The trip to D.C. is hellish—the roads are simultaneously eerily empty and incredibly dangerous, especially as not everyone loves the press—though you will never know why, exactly, or what each side is fighting for, exactly. Garland’s genius-cum-disastrous decision is the choice to exclude any sort of coherent politics or any identifiable ideologies from the story9. You are given zero information on the why and how of the war—what prompted the rebellion? What does Nick Offerman’s President stand for? You can’t know. There is simply zero information.
This isn’t cowardice or a reluctance to trigger half your potential audience, however, this is a narrative choice. Garland’s not actually interested in Civil War or American politics or any of that. He’s interested in journalists, the kind of people who will watch someone die in front of them and take a photo of it. Terrible things happen in this film, but the journalists at its heart just keep snapping photos. The key is, the main characters don’t care about the politics. They don’t know, or want to know, the why or the reasons. At one point Lee literally says “We don't ask. We record so other people ask.” They may not know much about it, in fact—all they know or care about is that there is news to be photographed, quotes to be gotten, scoops to be won.

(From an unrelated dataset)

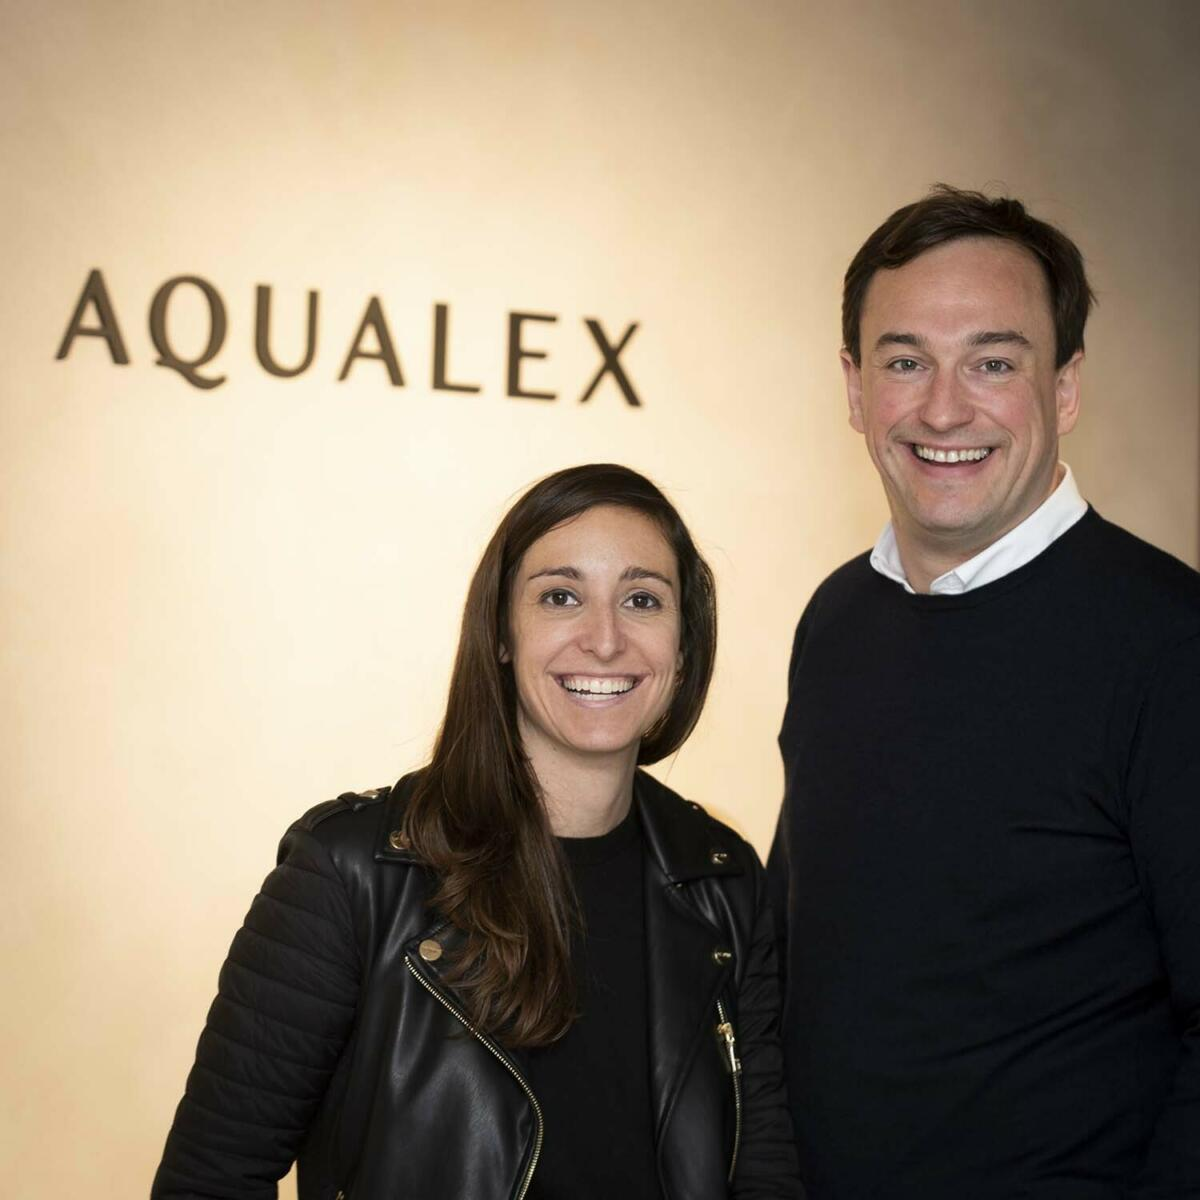 AQUALEX Niki en Alexander
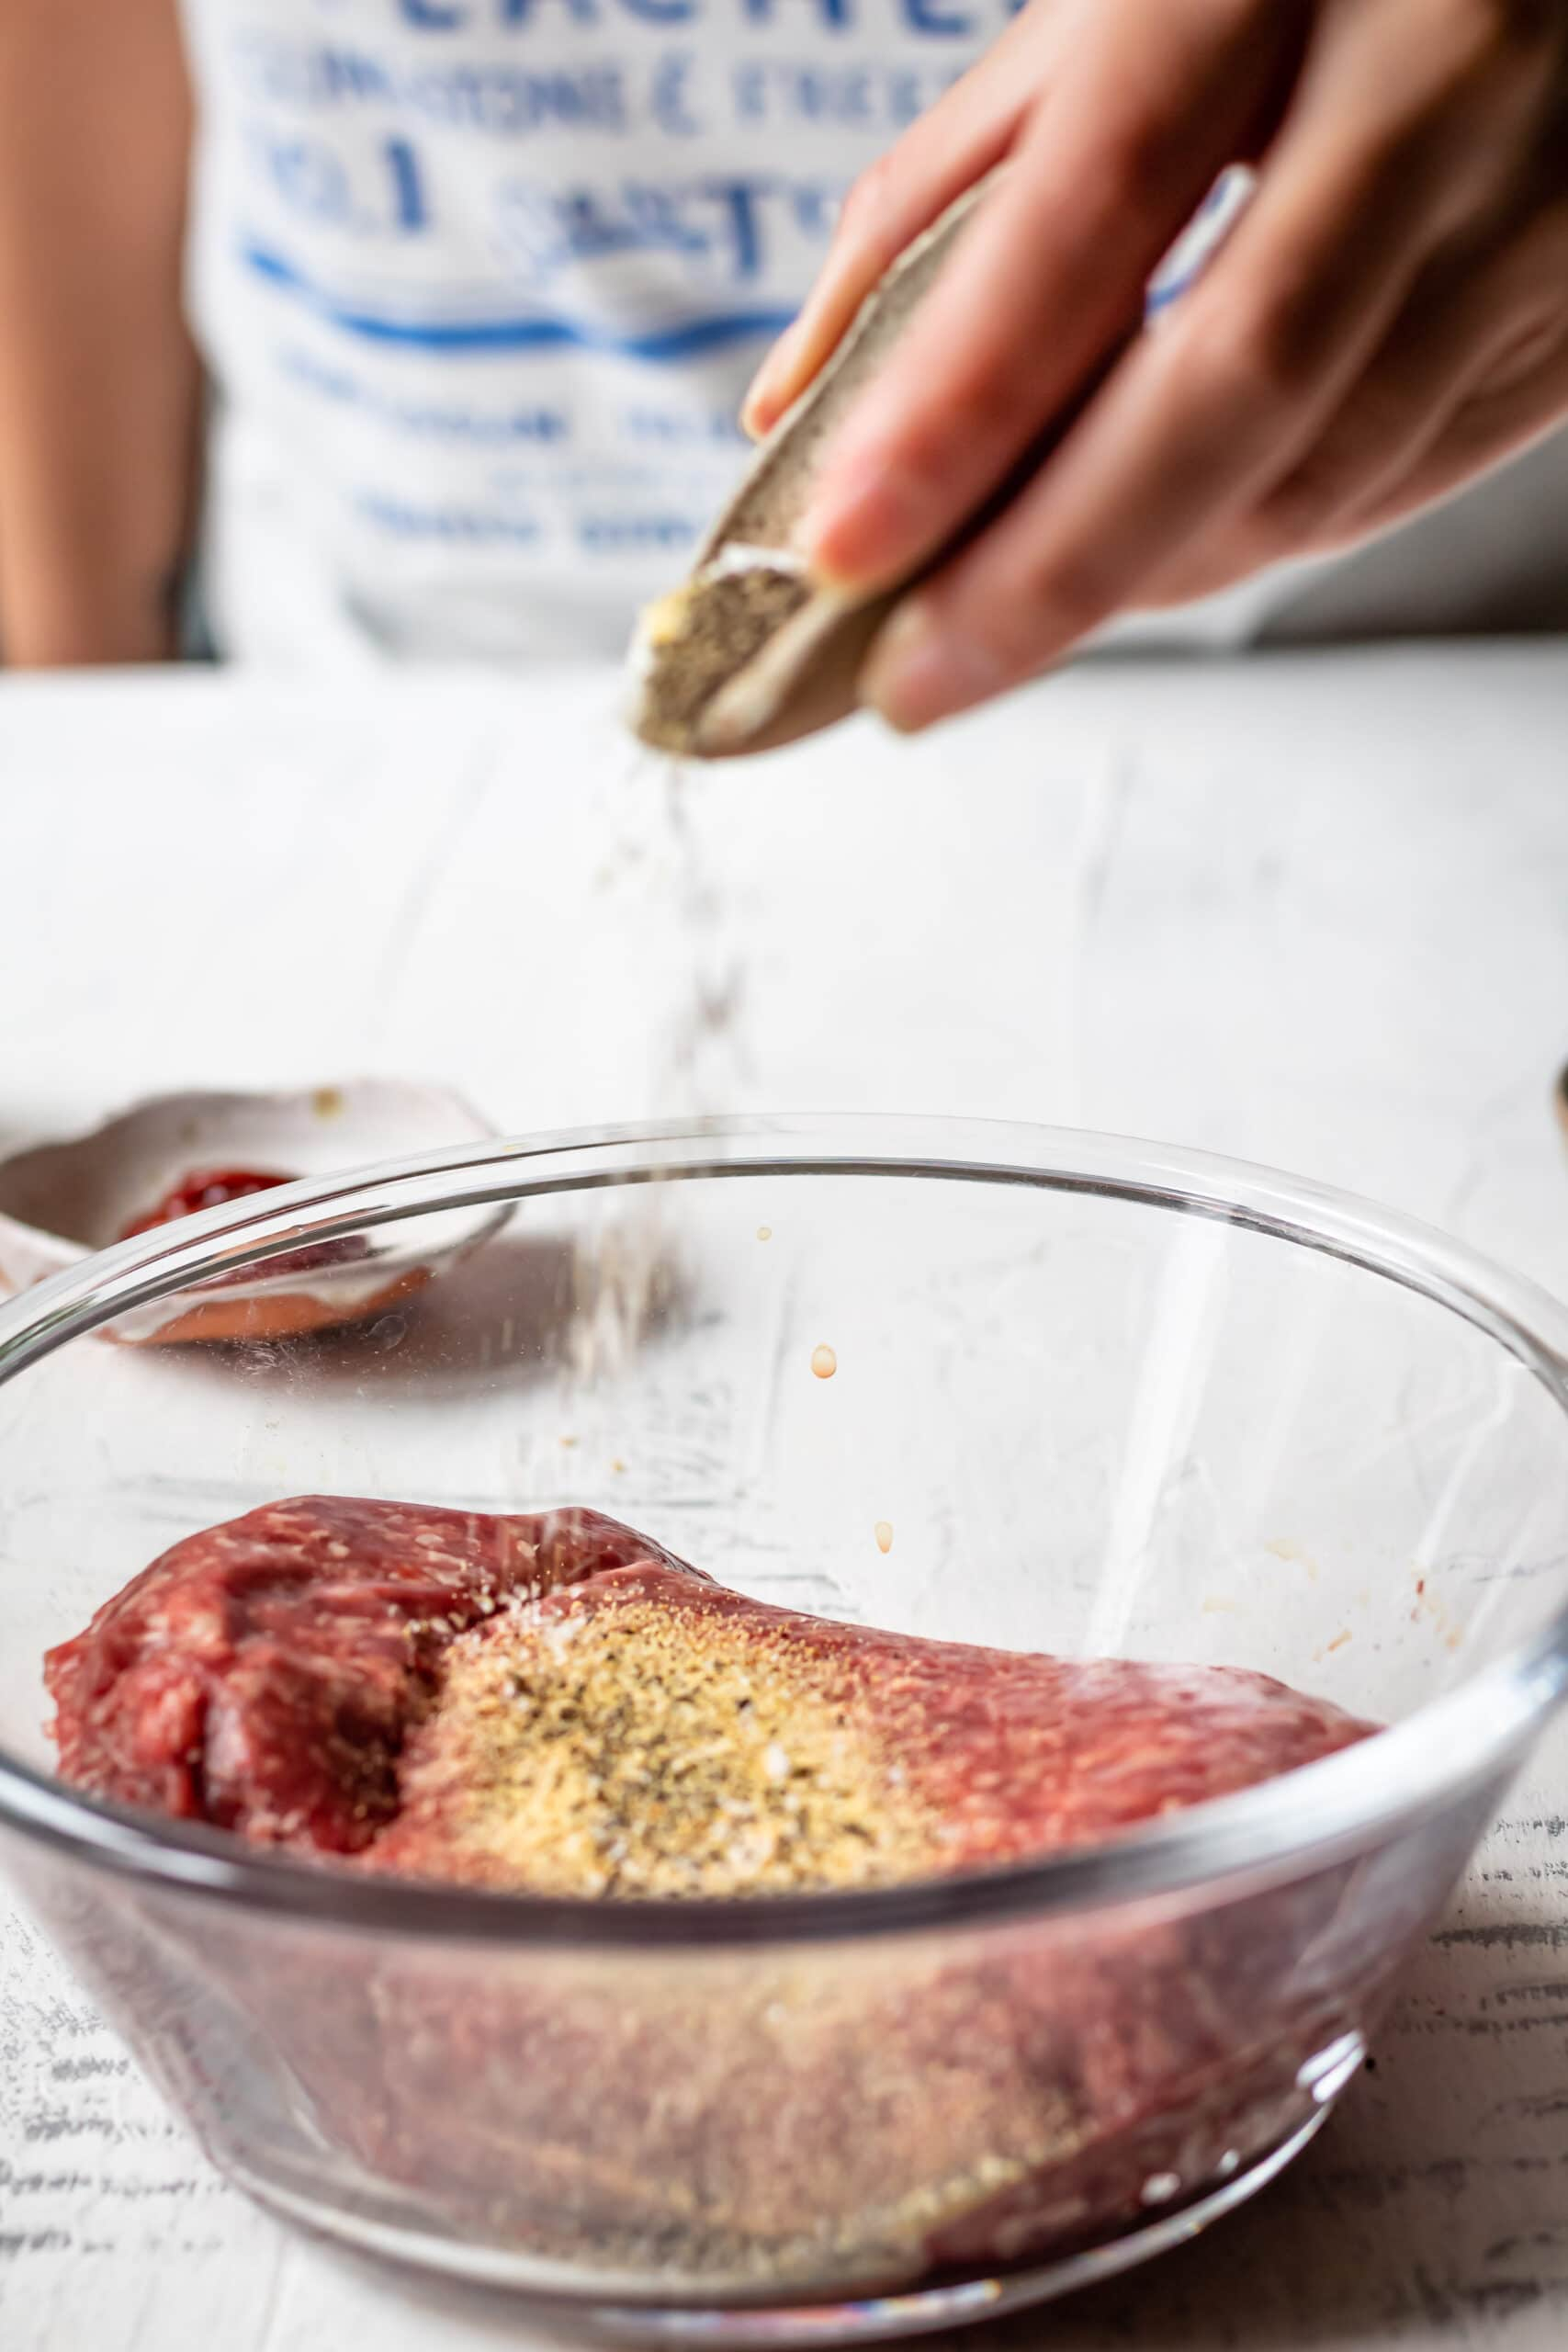 seasoning the hamburger meat

The decision to withhold any sort of political context from the audience is about aligning us with the characters. We replicate their experience—they operate in a vacuum where the only thing that matters is the visual, is being in the right place when news happens. And so do we. It’s a smart writing trick, really, except for the fact that it kind of ruins the movie10.
What Kind Of American Are You
You can tell Garland is playing this trick because he purposefully muddies the water for you. Offerman’s president has no name and makes only the most broadly patriotic speeches you might expect from a chief executive watching a rebel army approach, but he’s a broad physical match to certain recent politicians, and the reference to a third term marks him as a bad actor in terms of American democracy. The alliance between California and Texas doesn’t make much sense in the current landscape, and throwing in Florida really makes it hard to parse11. Which is intentional: Garland doesn’t want you to understand, because his journalists don’t care, and he doesn’t want you to, either12.
The problem, though, is that this decisions renders everything on the screen abstract. The film is structured as a series of vignettes; our journalists embed with some street fighters, get pinned by a sniper, shop at a weirdly idyllic small town seemingly untouched by the war, and experience a nightmare at the hands of a racist, bullying soldier. But none of it means much, because none of it has any weight. The lack of interest in anything but the story or the image or the quote leaves everything feeling meaningless.
This might be the intention; the final sequence sees Lee step in front of a bullet to save Jessie, who she sees as a younger version of herself. And Jessie and Joel just leave Lee there, crumpled on the floor, dead, in order to get the quote and the photo of the President as he’s summarily executed by the Western Forces13. In the end, not even Lee matters—only the news. Garland might not want us to care about his characters, either, but this makes it damn hard to care about the film itself.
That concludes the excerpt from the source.